October 24, 2018
A Concrete Description Of The Cloud
In the simplest terms, cloud computing means storing data and software applications on the Internet, in secure files, then accessing that data and programs over the Internet rather than from physical hardware.
For a health system, moving into the cloud frees the system from owning and managing physical hardware and networking components that today physically reside in a health systems data center. The cloud also allows for freedom from paying employees or outsourced professionals to manage that hardware.

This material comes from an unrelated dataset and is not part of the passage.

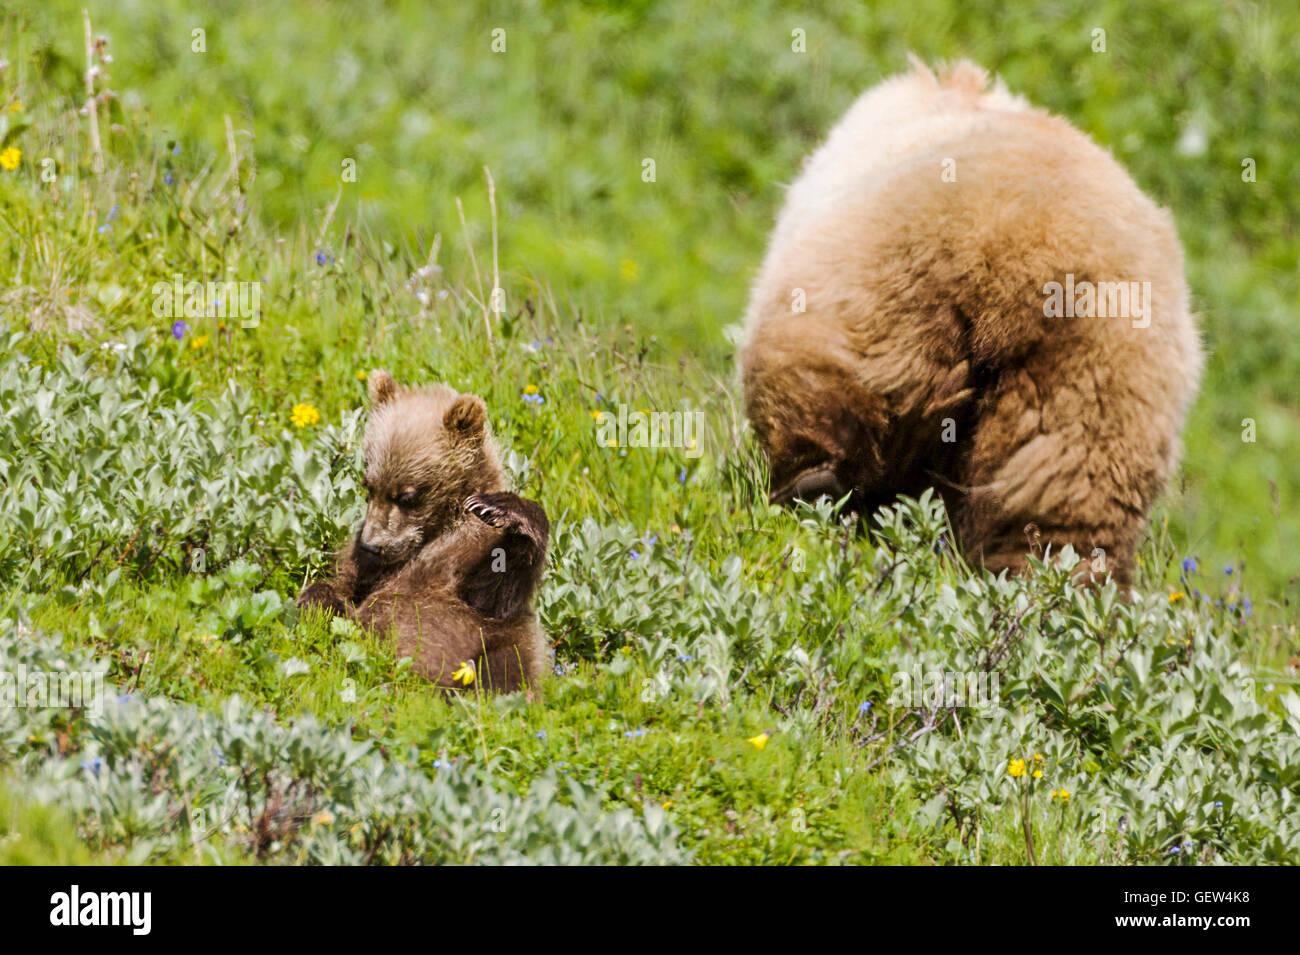 Seminare (femmina) Orso grizzly (Ursus arctos horribilis) con i cuccioli, vicino autostrada Pass, Parco Nazionale Immagini Stock

Benefits of moving into the cloud:
- Current applications operate no differently when the data is in the cloud versus when it is in a private / managed data center. In fact, access to your data is faster, easier, more convenient and often more secure when your approved partners want to run analytic tools or develop new apps and capabilities for your organization.
-
Health systems don’t have to invest in the hardware and the people who manage the hardware. Instead they take advantage of providers that specialize in this area to optimize computer efficiency and scalability at more favorable economic terms.
-
The cloud is exceptional at scaling up and down, so you only use the infrastructure your applications require as your data and computer requirements change. That compares to an enterprise system that was specified and purchased to meet estimated peak usage, that now sits in your physical data center. A majority of the time, the expensive hardware is underutilized resulting in compute and cost waste.
-
Your data will likely be more secure in the cloud since it is hosted and managed with the same security standards and best practices as the parent company (ie. Google, Amazon, Microsoft).
-
Development languages used with data stored in the cloud are the most current, most advanced, and open source. It’s not technology owned by a corporation that you need to license.
The security, performance, accessibility and cost-savings make moving to a cloud platform the transformation needed for healthcare data.